TUAN tahu kah tuan, kita kehilangan 70-an nyawa anak bangsa. Setiap hari.

Mereka meregang nyawa bukan karena perang konvensional dengan senjata kimia. Bukan juga lantaran bom bunuh diri untuk memerangi ideologi. Mereka tumbang karena angkara murka di jalan raya. Tewas mengenaskan karena petaka bernama kecelakaan lalu lintas jalan.

Tahukah tuan, fakta data menuding kegenitan di jalan raya yang dipertontonkan lewat keangkuhan diri menjadi penggoda utama hadirnya sang petaka. Lewat atraksi labrak aturan disana-sini sang petaka terus digoda untuk hadir. Tak pandang usia, tak pandang kasta yang kita sandang, atraksi tadi bak menu makan sehari-hari.
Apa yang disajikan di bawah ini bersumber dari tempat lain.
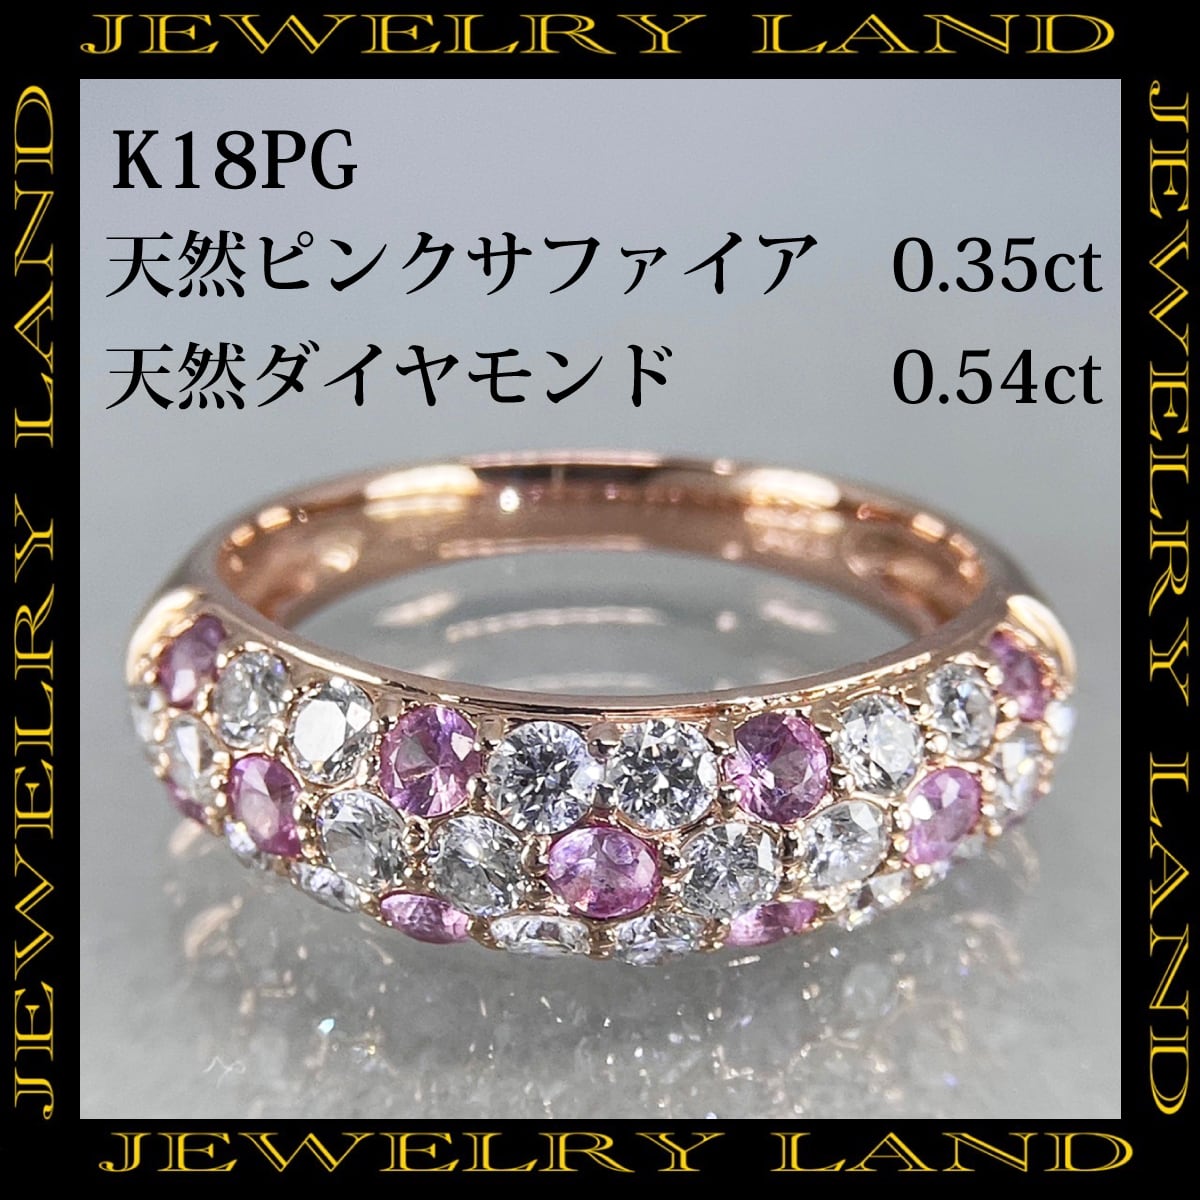 K18PG 天然ピンクサファイア 0.35ct 天然ダイヤモンド 0.54ct

Akarnya ada di dalam arogansi.

Lantas dimana sang penjaga berada? Manakala pelanggaran aturan dianggap sebagai biang kerok terjadinya kecelakaan di jalan, mestinya dia hadir. Mencengkeram para penunggang kuda besi maupun gerobak besi yang mempertontonkan arogansi.

Kapan tuan sudi mengepalkan tangan untuk meninju sang jagal jalan raya?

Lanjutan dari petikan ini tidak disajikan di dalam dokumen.